Повседневная жизнь Пушкиногорья — страница 65 из 67

Он не думал ни удивить, ни рассмешить единственного слушателя и зрителя. Воображение опережало мысль, и он радовался ему, как привету пушкинской музы, которая заглядывала здесь во всякие двери.

На веранду за славным обедом мог влететь молодец с грамотой, извещавшей, что хозяйственный двор объявляет «бунт бессмысленный и беспощадный» и требует директора для переговоров о нуждах «труждающихся и обремененных». Гонец улетал. Тотчас следовала команда хранителю фондов Василию Яковлевичу Шпиневу: «Коня мне! И мундир!»

Был явлен конь, пасшийся на поляне, и генеральский мундир 12-го года из запасников. Михаилу Александровичу Дудину было приказано, как старому артиллеристу, обходить двор с тыла и страшенным голосом кричать «бабах!», чтобы враг понял, что сила на государевой стороне. А опытному штабисту Василию Михайловичу Звонцову — рассчитать план фронтального штурма. Когда они подошли под стены двора, бунтовщики действительно выгородили острог и поставили в окнах срезы стволов, изображающие пушки. С отчаянным «ура!» Семен Степанович полетел в атаку, но был ловко и скоро пленен. Бунтовщики определили его в специально приготовленную деревянную клетку и, пребольно потыкивая палками сквозь решетку, повезли на Поляну «судить». И Бог знает, чем бы все кончилось, когда бы не встретилась им московская учительница из злых, уже советских старух, знающих, как надо вести себя в мемориальных усадьбах: «Как вам не стыдно!
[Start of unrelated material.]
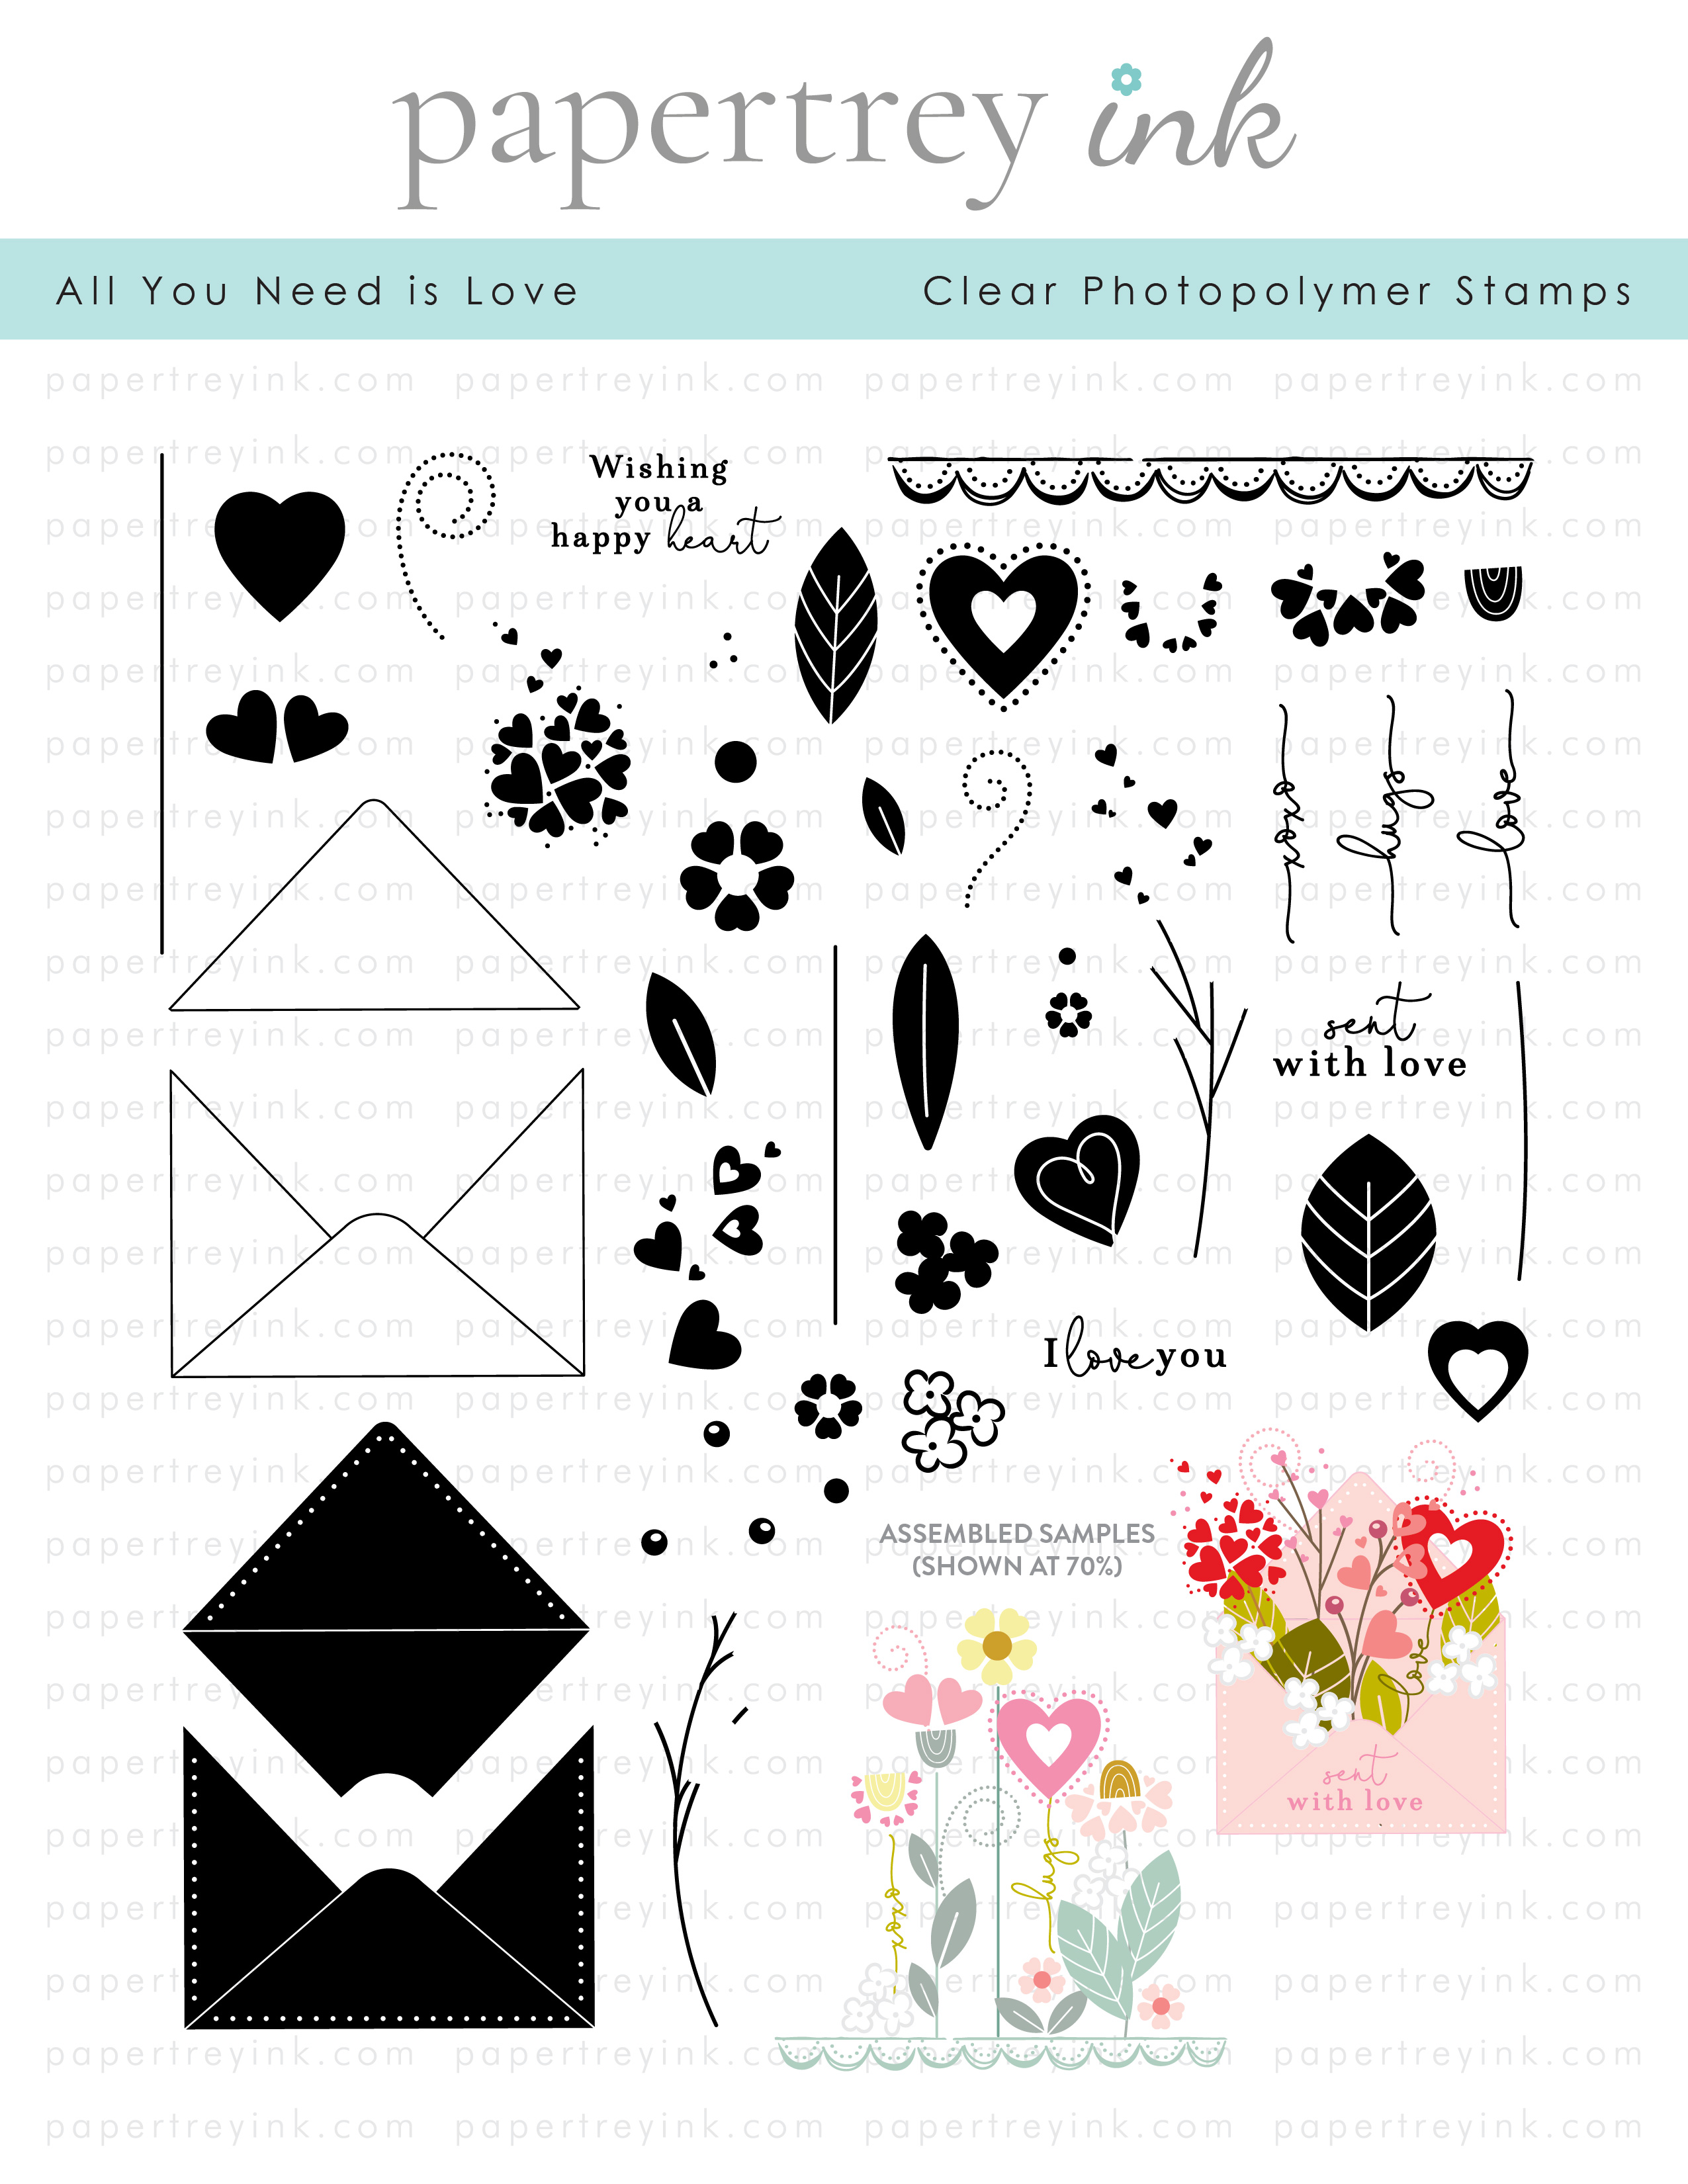 Papertrey Ink - All You Need is Love Stamp Set

Здесь тень великого Пушкина, а вы…»

Бунтовщики растерялись. Семен Степанович генеральским голосом приказал: «Отворите мне!» Клетка распахнулась: «Пошла вон, старая дура!» Но праздник уже был безнадежно испорчен.

Сухая, опасная для детей учительница была скучна, как Анна Петровна Керн, — не было для нее ни камня, ни ветки гелиотропа. А он, как и его сотрудники, даже не играли в Михельсона и пугачевцев, не передразнивали тех событий. Они в это мгновение были ими, как это и должно быть в великом театре, который не есть сравнение, метафора или перевод реальных событий (повторить, как это было когда-то), а — само событие, полное единственной жизни, потому что жизнь нельзя оскорблять повторением, хотя бы и очень художественным, — она в каждое мгновение неповторимая Господня жизнь.

Так он, шутя и не шутя, выбирал петухов для усадьбы, отлучая их от кур (петухи с курами глупеют, как, увы, и мы, грешные), чтобы они тоже не повторяли голоса той усадьбы, а были радостным звуком этой — всё живой и пушкинской. Так сзывал птиц и шил коту Васясе сапоги, чтобы тот не ловил на усадьбе белок.

А главным, конечно, были его ослепительные рассказы, театр одного актера, в котором он не знал равных, какие бы звезды ни сияли в соседстве — Андроников или Козловский, Антокольский или Журавлев. И все Пушкинские конференции в холодном зимнем Доме культуры всегда разом согревались его горячими новеллами.

И однажды я был свидетелем, как какая-то добрая старуха из Казахстана привезла с собой внука, чтоб Семен Степанович благословил его в военно-морское училище. Вот что значит настоящая слава — не в девичью филологию, а в строгое военно-морское служение! И когда благословение было дано, купила в деревне барана, бестрепетно зарезала его, сделала бешбармак и, слушая полет и чудо Семен-Степанычевой речи, всё вскакивала, потрясенная, сияла глазами на внука и всё вскрикивала: «Магомет! Магомет!»

Ох, правы бедные экстрасенсы — здесь сам воздух электризован и зажигает всех.

Эта его школа не могла не вспыхнуть в сотрудниках. Это был их с Пушкиным союз, в котором они были неразрывны, что тотчас узнавалось всяким паломником. Строгие-то пушкинисты, конечно, ворчали и за спиной могли много чего сказать, но он был силен не ими, а «мнением, да, мнением народным». И мнение это его в обиду не давало.

…Дядя Вася Свинуховский. Вечный Михайловский дворник в ярчайшем галстуке и в фуражке с сочиненной Семеном Степановичем кокардой мог, отставив метлу, пуститься в такое пушкиноведение, что только руками разведешь.

…Художник Володя Самородский, в кои-то веки получивший от директора подъемные для поездки в Италию, чтобы усовершенствовать свой дар, выгнал всех посетителей из ресторана «Лукоморье», собрал цыган со всей округи и прогулял свой «грант» и солнечную Италию в одну ночь. И Семен Степанович понял его, потому что некогда и сам прогулял так «английское пальто в чемодане», заработанное сотнями экскурсий, чтобы только явиться в нем перед петергофскими барышнями, оставить на память фотографию — кудри по плечам, как у геттингенского Ленского, шарф как у Исадоры Дункан и умело спрятанный восторг в глазах. И в ту же ночь от пальто и вешалки не осталось.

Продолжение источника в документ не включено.